Requirement:
Go to the line that contains "Six water pipelines" in the records below and repeat it, and each line after it, exactly through the end, omitting pictures.

Exercise input:
---
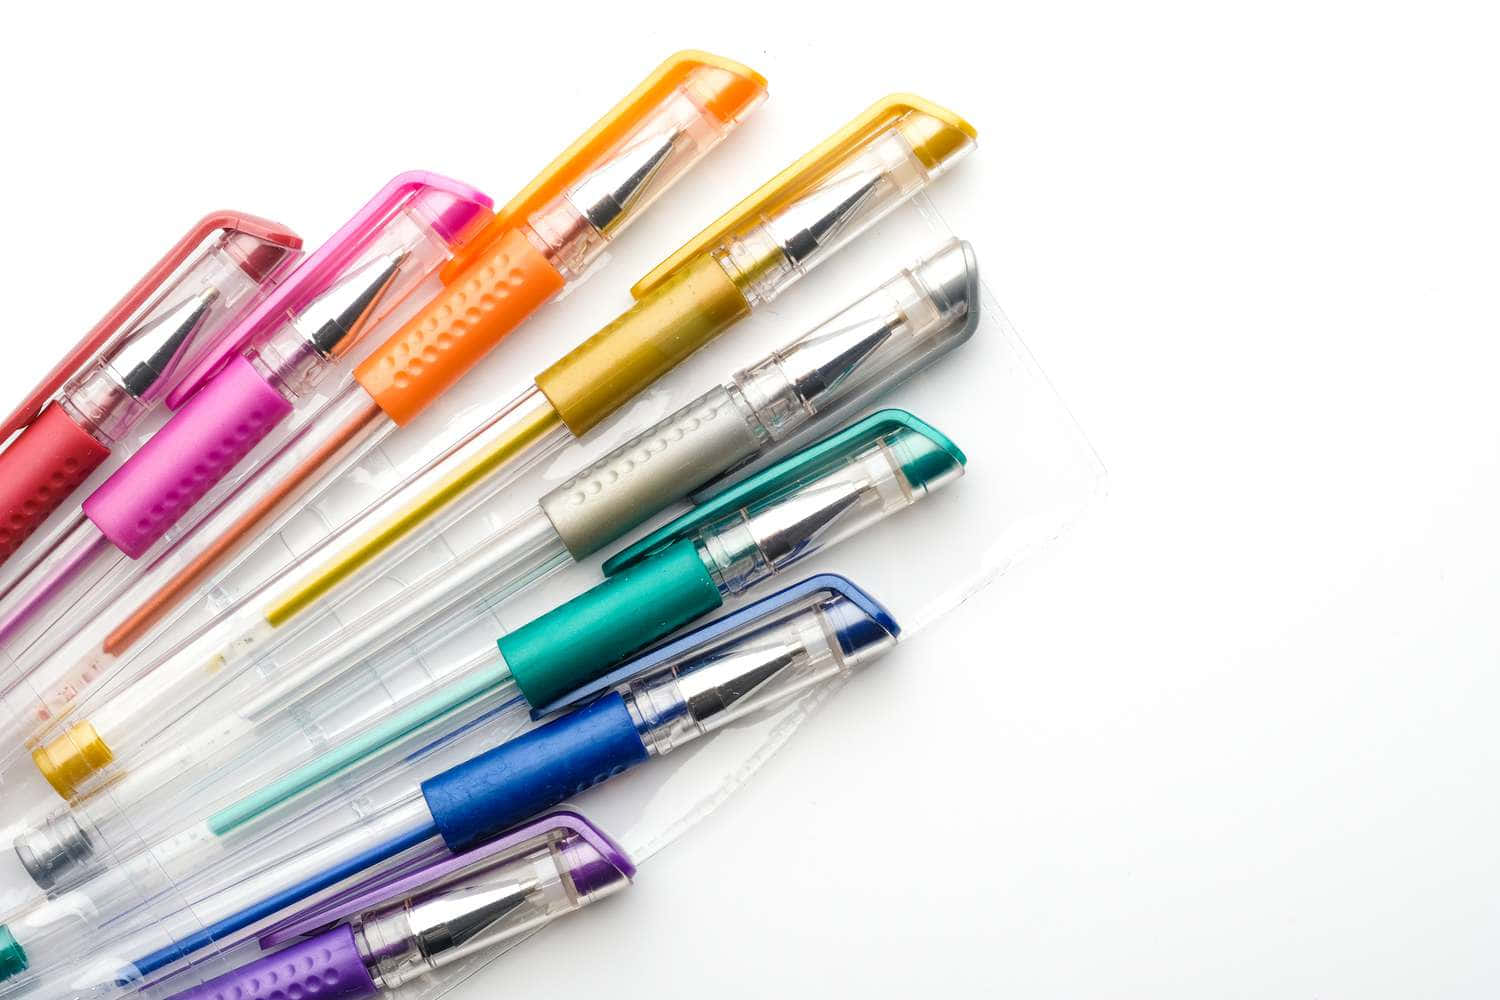 A Group Of Colorful Pens On A White Background
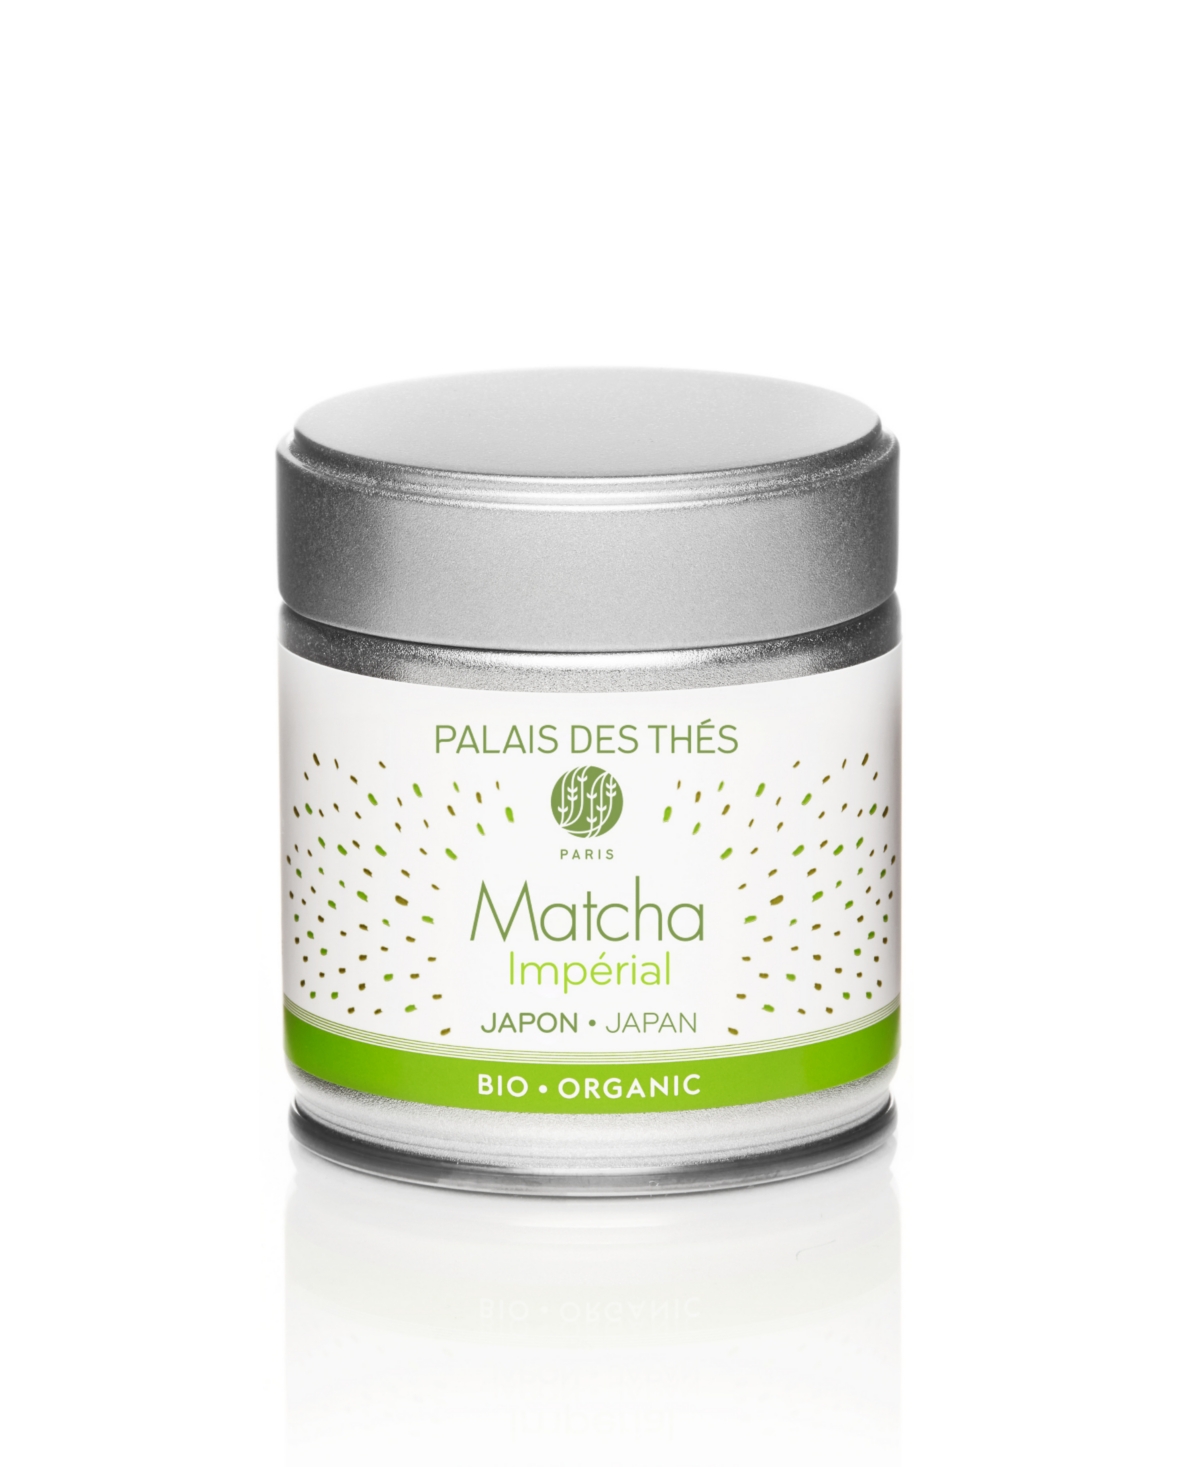 Palais Des Thes Matcha Imperial In Metal Canister, 0.7 oz In No Color
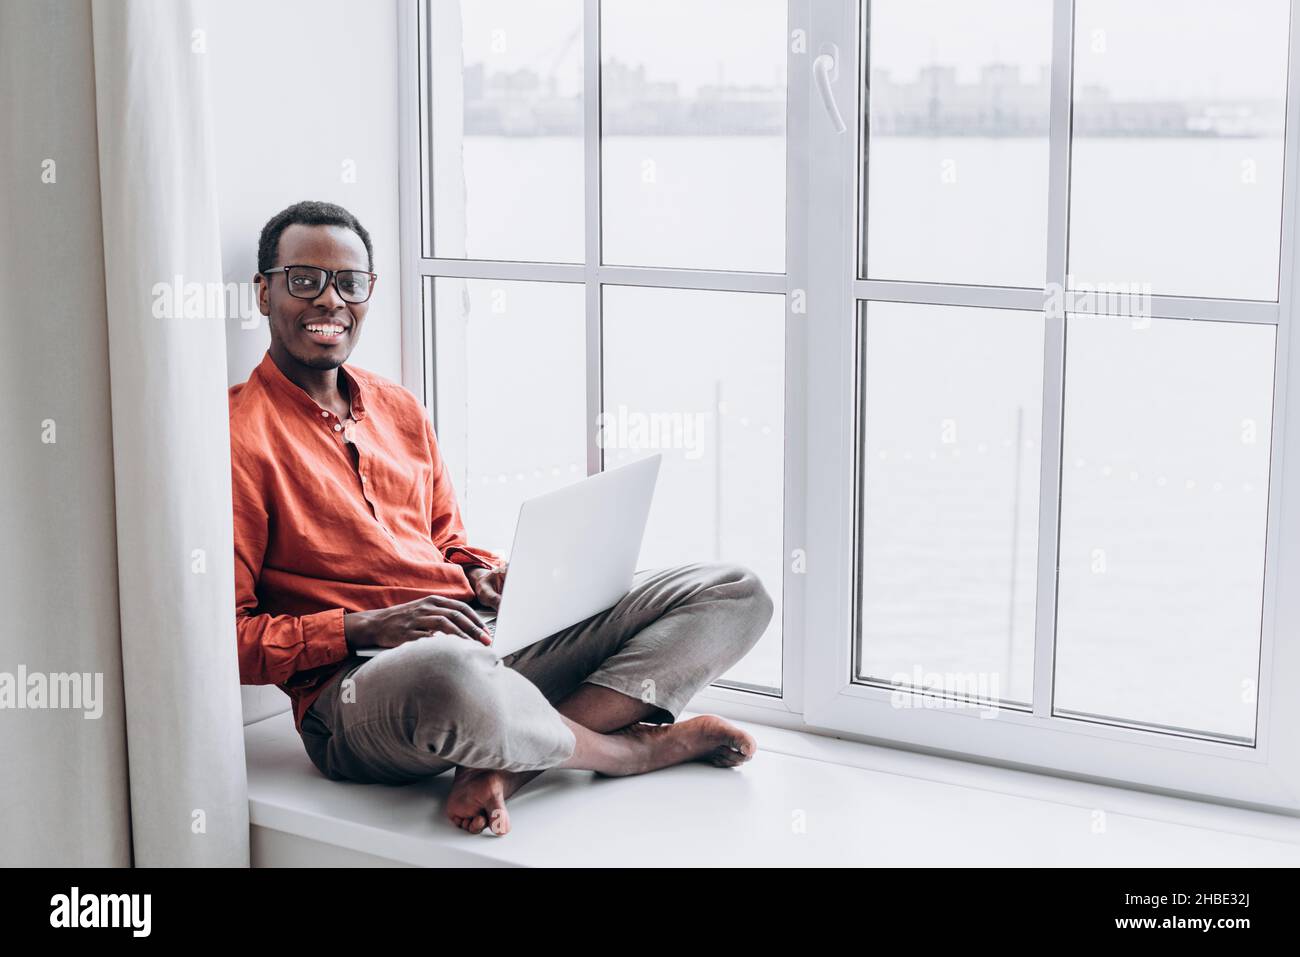 Young man African businessman with glasses is sitting at a laptop on the windowsill of a house looking at the camera and smiling Stock Photo
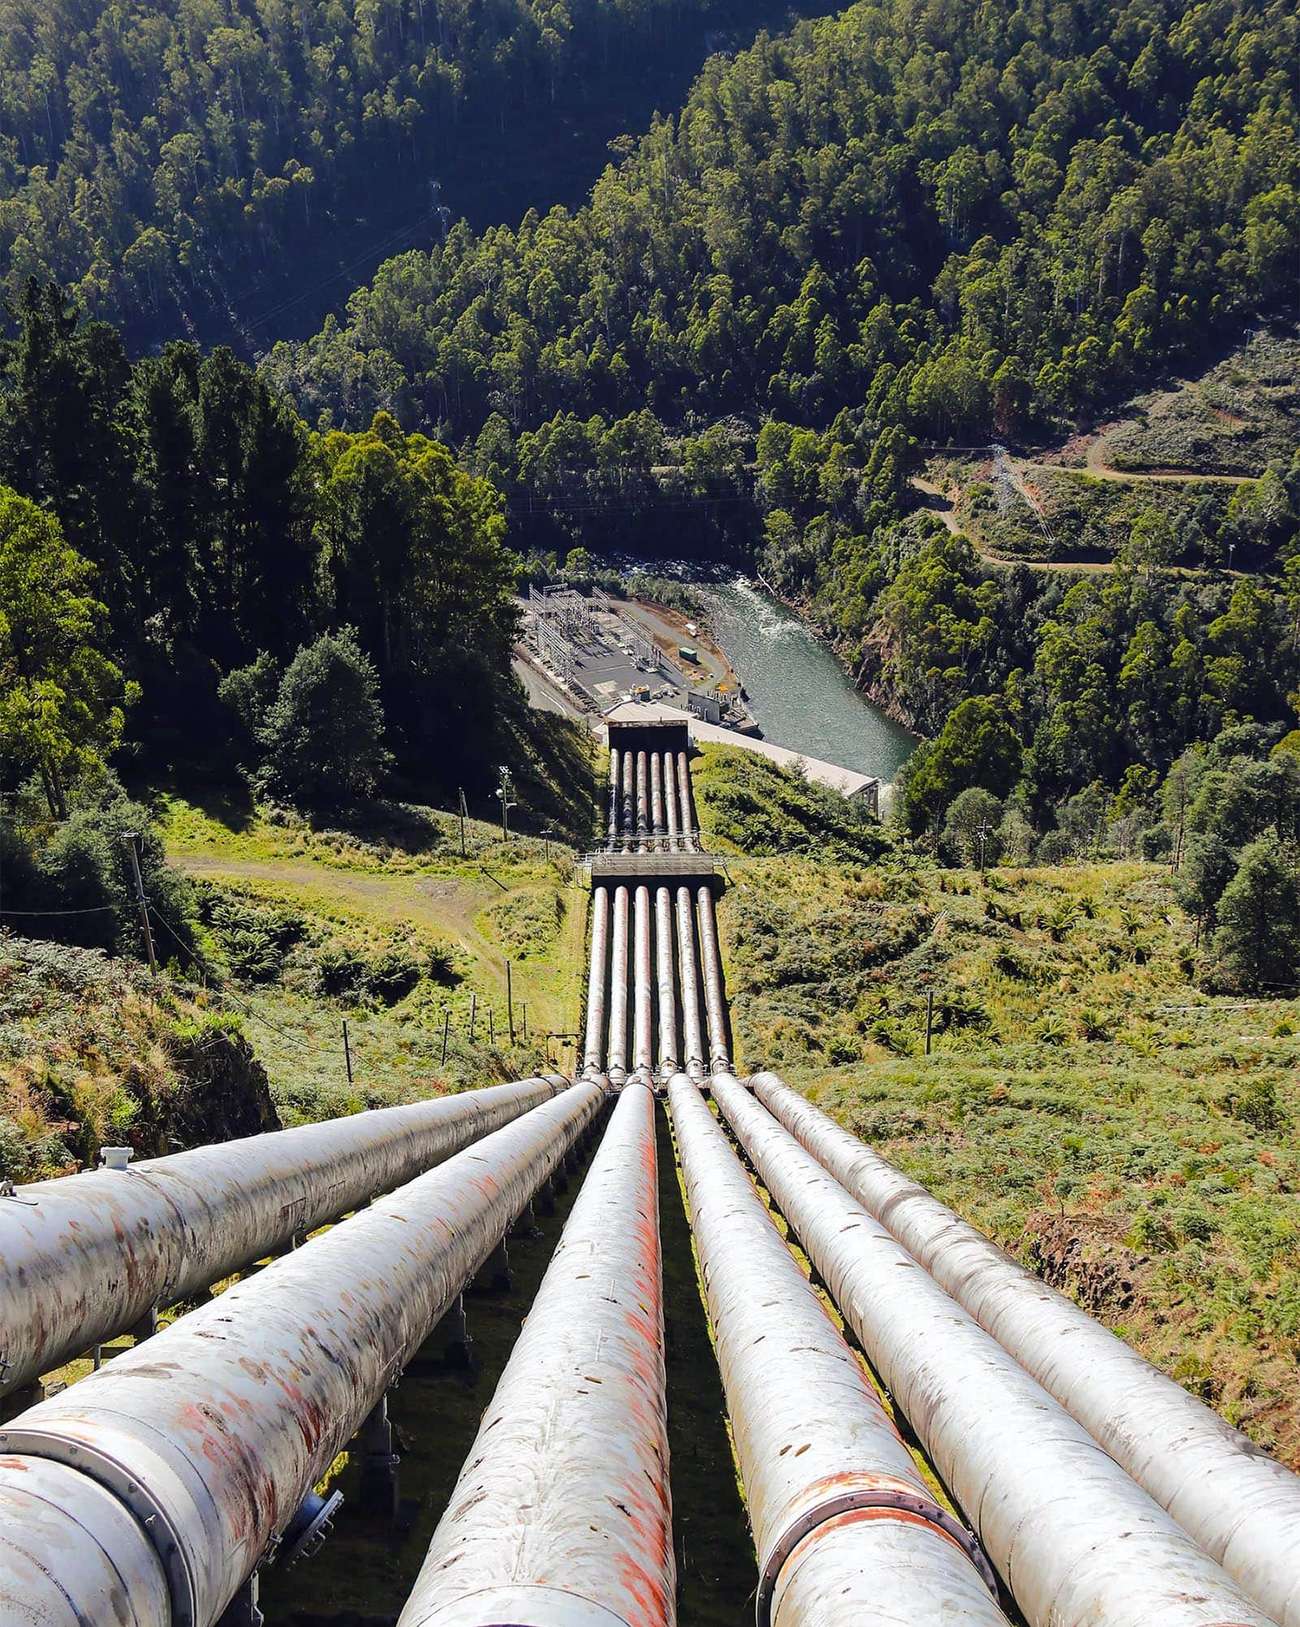 Six water pipelines coming down a hill into a forested valley
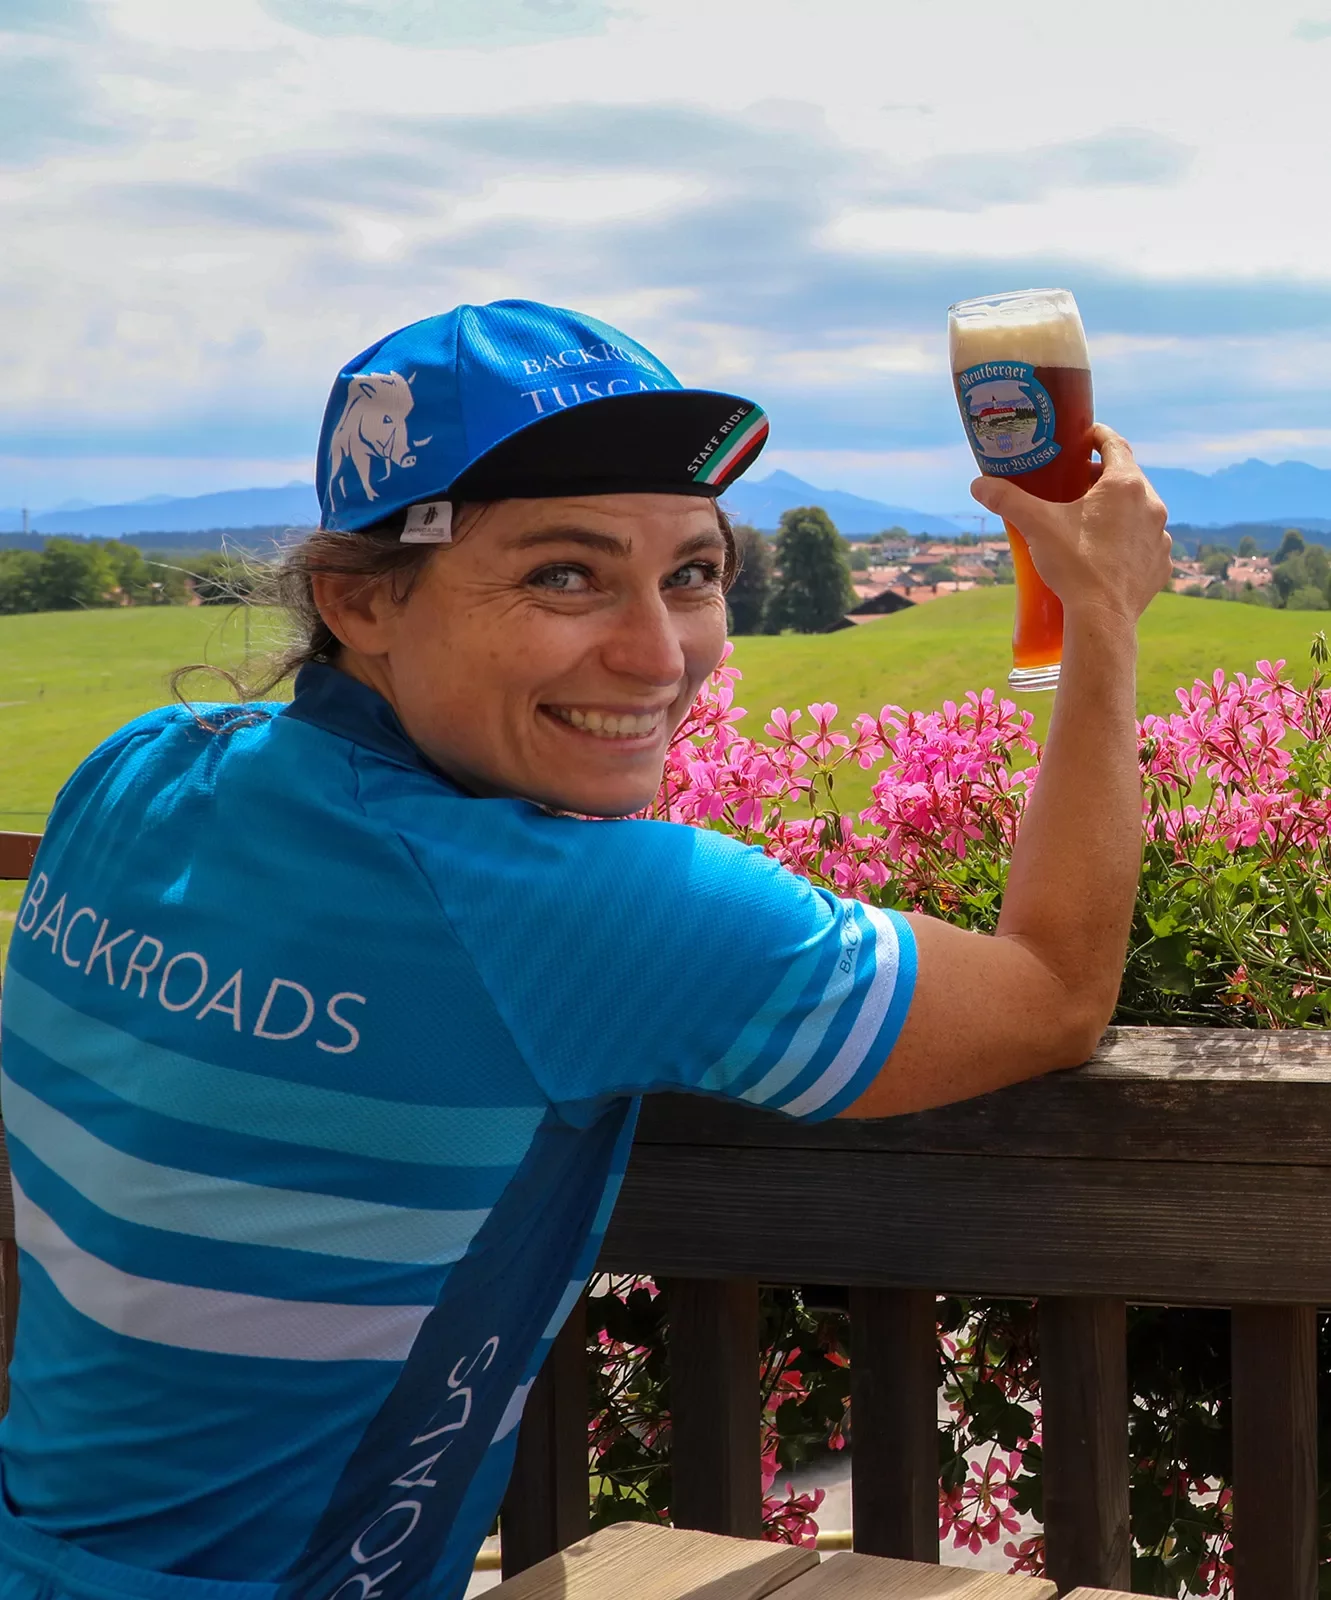 Backroads leader posing with pint of beer.
---
Response area:
 Six water pipelines coming down a hill into a forested valley
 Backroads leader posing with pint of beer.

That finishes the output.